In production: The slow query in Postgres because the WAL got replicated to N consumers footgun. Each replication slot is a server-side cursor that retains WAL until the consumer acknowledges it. If Debezium falls behind (or is paused for maintenance), the WAL grows unbounded on the primary — disk fills, the primary crashes. Set max_slot_wal_keep_size (Postgres 14+) to cap retained WAL per-slot; set Prometheus alerts on pg_replication_slots.confirmed_ flush_lsn lag. The chapter cross-refs Part 06 ch.01 for the alerting shape.

In production: Meilisearch is stateful — back it up. The StatefulSet's PVC is the source of truth; lose the PVC, lose the indexes. Meilisearch's snapshot API (POST /snapshots) writes a tarball to the data directory; a CronJob that copies the snapshot to S3 nightly is the minimum backup. Restoring is meilisearch --import-snapshot snapshot.snapshot --master-key=.... Reindexing from Postgres via Debezium also works as a recovery — but at hours-of-downtime cost for >10M docs.

In production: Cross-region search is eventually consistent; accept it. A row inserted in us-east takes ~2-30 seconds to appear in the ap-southeast Meilisearch (CNPG replication lag + Debezium processing + Meilisearch indexing). For e-commerce this is fine — a customer browsing books does not need to see the latest millisecond. For inventory ("is this book in stock") run a separate check against the primary on the order path; don't depend on search for the buy decision. The chapter's runbook (13.12) calls this failure mode out explicitly.

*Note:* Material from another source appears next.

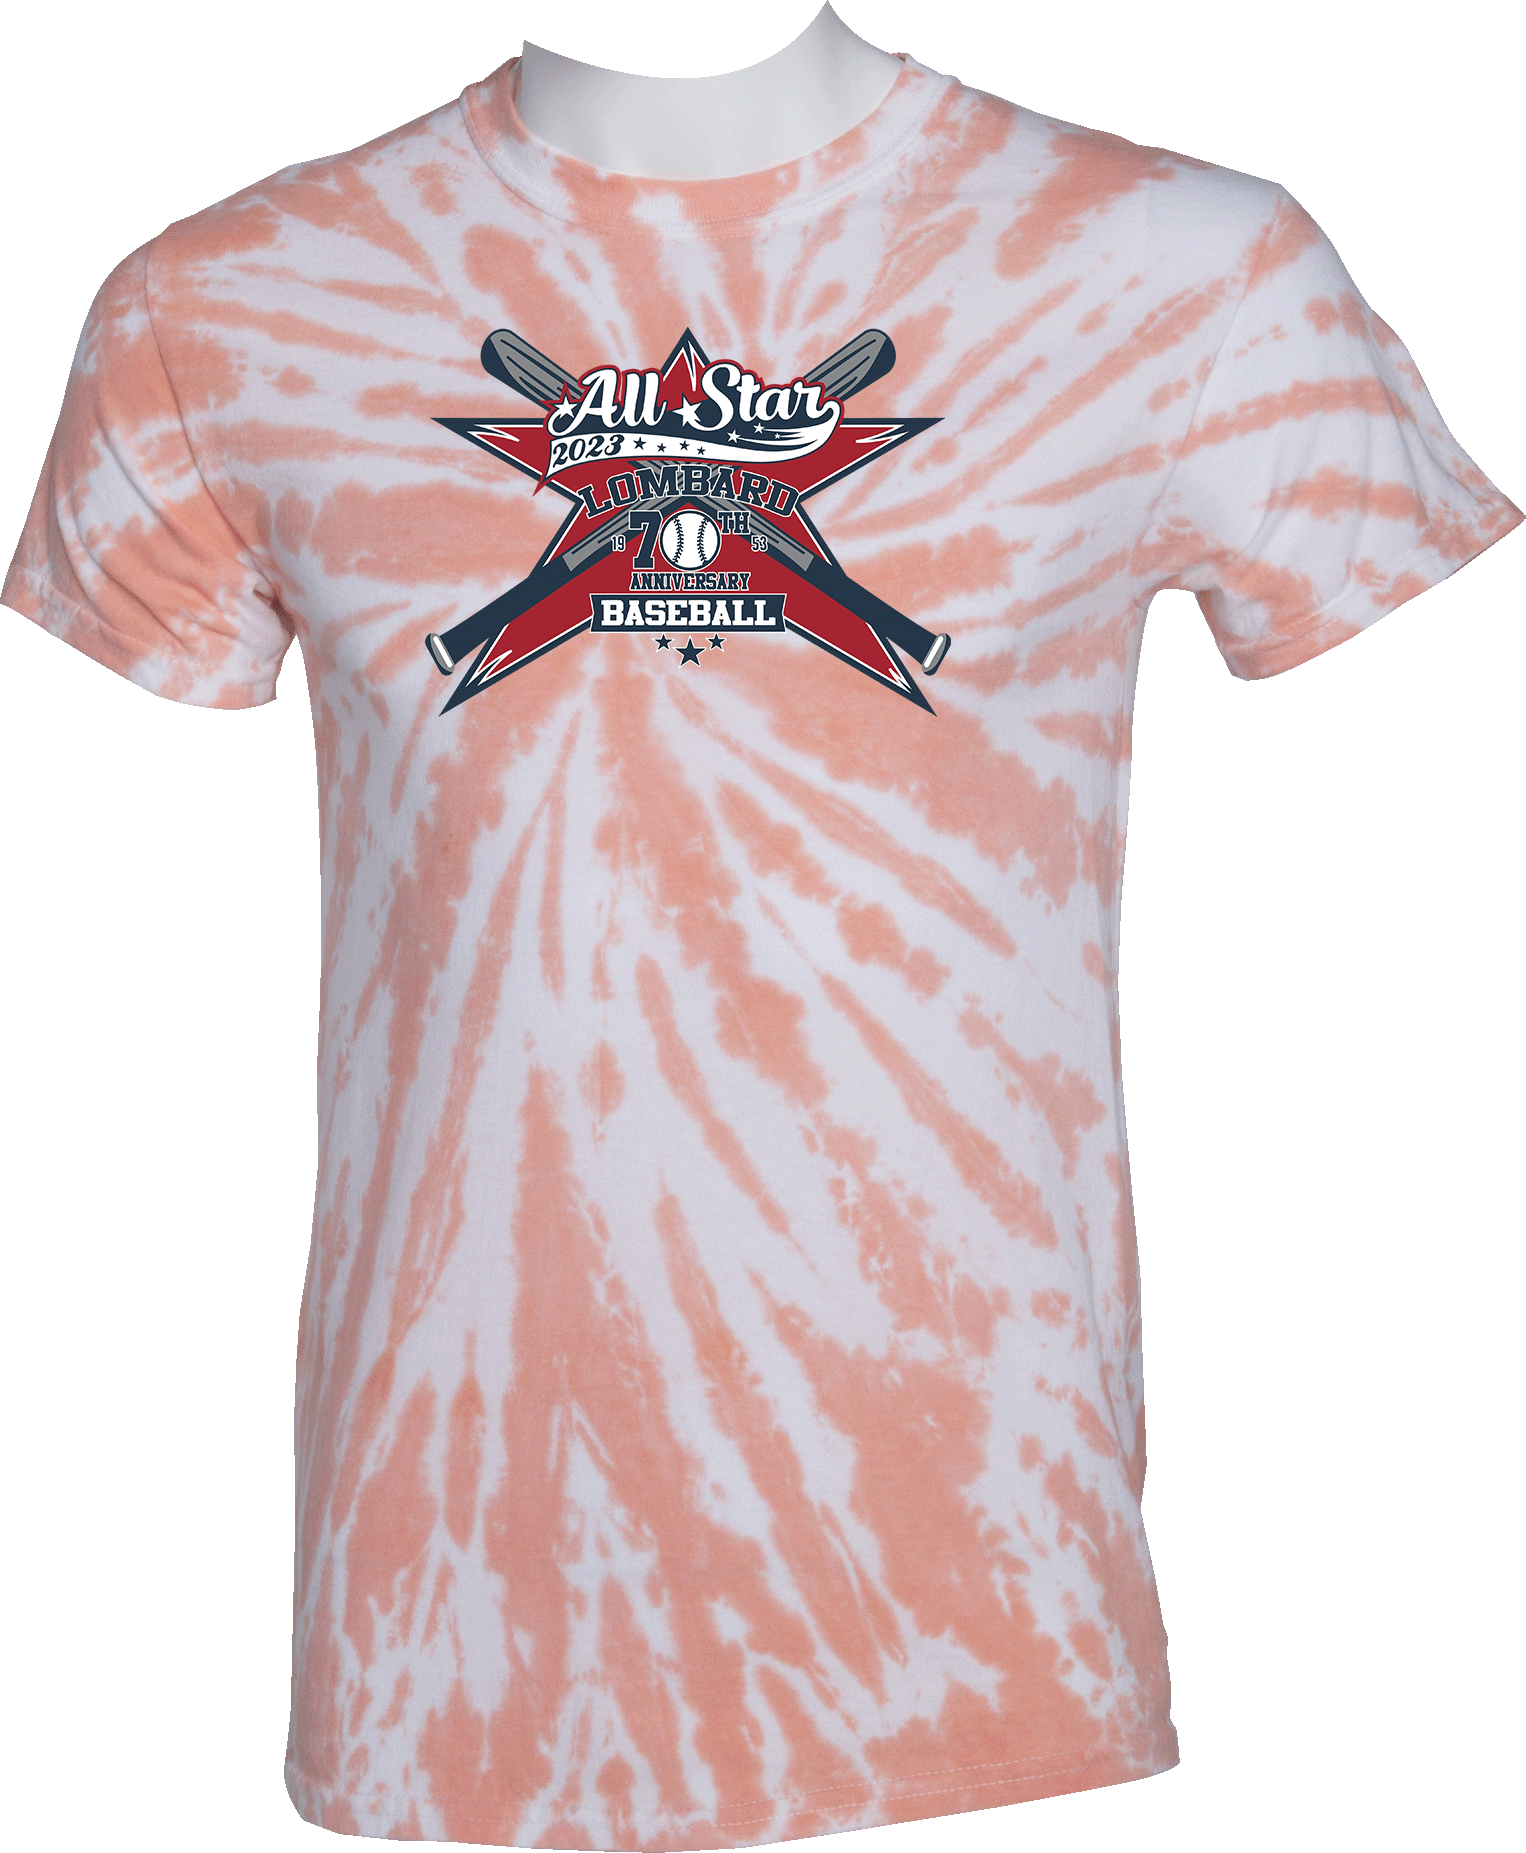 TIE-DYE SHORT SLEEVES - 2023 Lombard Baseball League's 70th Anniversary All Star Event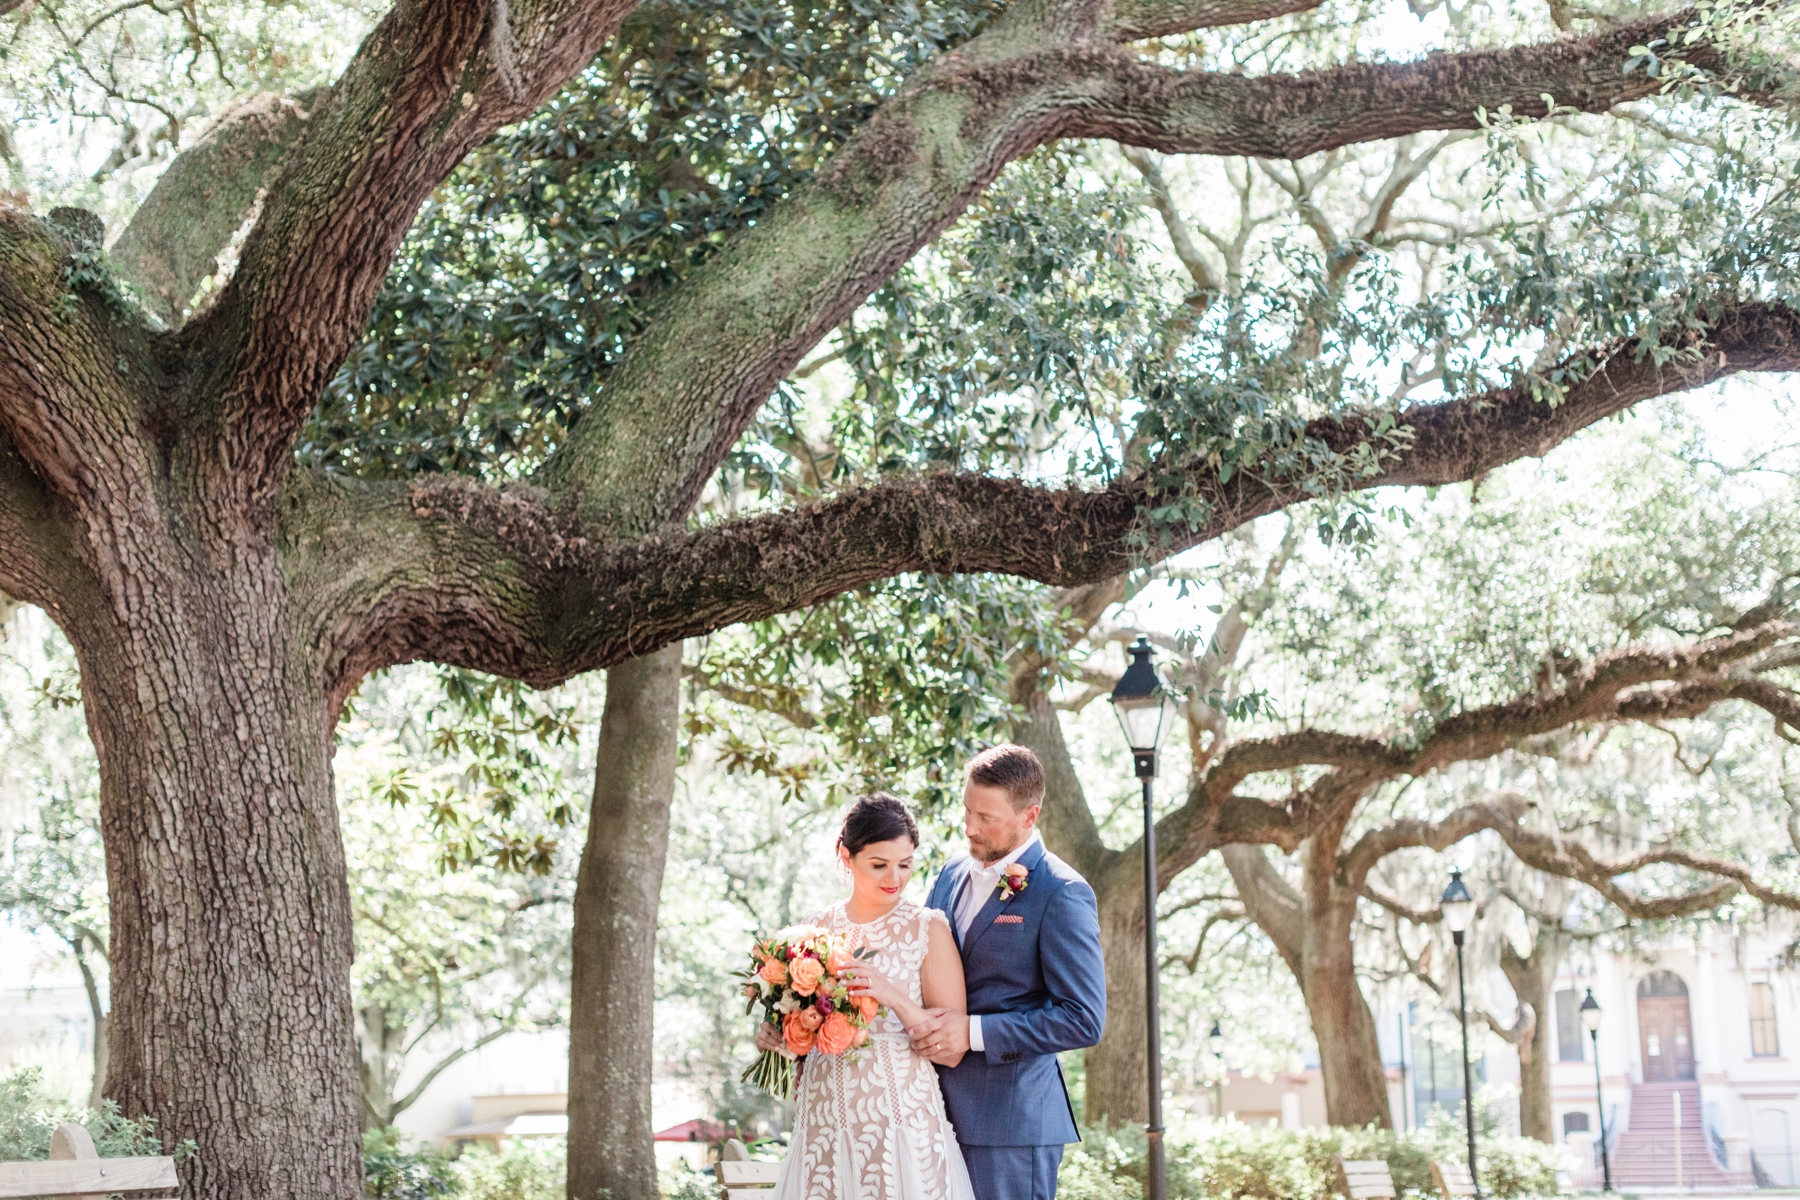 Orange, blush, and navy elopement bouquet by Ivory and Beau

In production: Index-as-a-throwaway pattern. Treat the search index as a derived store you can always rebuild from Postgres. If the index gets corrupted, mis-indexed, or polluted by a bug, the recovery is "drop the index, restart the connector with snapshot.mode: initial, wait for the backfill". This is the same shape the chapter taught in Part 12 ch.07 for ML artifacts ("the model is recomputable from the training data") — applied to search.

Quick Reference

# Install Strimzi (pinned)
STRIMZI_VERSION="0.40.0"
helm repo add strimzi https://strimzi.io/charts/
helm install strimzi-operator strimzi/strimzi-kafka-operator \
  --version "$STRIMZI_VERSION" -n kafka-system --create-namespace --wait

# Kafka cluster + node pool + topics (cluster must exist before the pool)
kubectl apply -f examples/bookstore-platform/kafka/cluster.yaml
kubectl apply -f examples/bookstore-platform/kafka/nodepool.yaml
kubectl apply -f examples/bookstore-platform/kafka/topics.yaml

# Meilisearch
kubectl apply -f examples/bookstore-platform/search/meilisearch.yaml

# Debezium + sink
kubectl apply -f examples/bookstore-platform/search/debezium-connector.yaml

# Confirm the pipeline
kubectl -n kafka-system get kafka,kafkatopic,kafkaconnect,kafkaconnector
kubectl -n bookstore-platform-search get statefulset,svc

# v2 search service
kubectl apply -f examples/bookstore-platform/app/search/deployment.yaml
kubectl apply -f examples/bookstore-platform/app/search/service.yaml

Minimal skeletons:

# Strimzi KafkaConnector for Debezium Postgres
apiVersion: kafka.strimzi.io/v1beta2
kind: KafkaConnector
metadata:
  name: <NAME>
  namespace: kafka-system
  labels:
    strimzi.io/cluster: <CONNECT-CLUSTER-NAME>
spec:
  class: io.debezium.connector.postgresql.PostgresConnector
  tasksMax: 1
  config:
    database.hostname: <CNPG-RW-SVC>
    database.port: "5432"
    database.user: debezium
    database.password: "REPLACE-ME-VIA-ESO-NOT-IN-SOURCE"
    database.dbname: <DB>
    table.include.list: public.<TABLE>
    slot.name: <SLOT>
    publication.name: <PUBLICATION>
    snapshot.mode: initial
    topic.prefix: <PREFIX>
---
# Meilisearch index settings (curl, not YAML — Meilisearch has no CRD)
# POST /indexes/<INDEX>/settings/searchable-attributes ["title","author"]
# POST /indexes/<INDEX>/settings/filterable-attributes ["price","tenant_id"]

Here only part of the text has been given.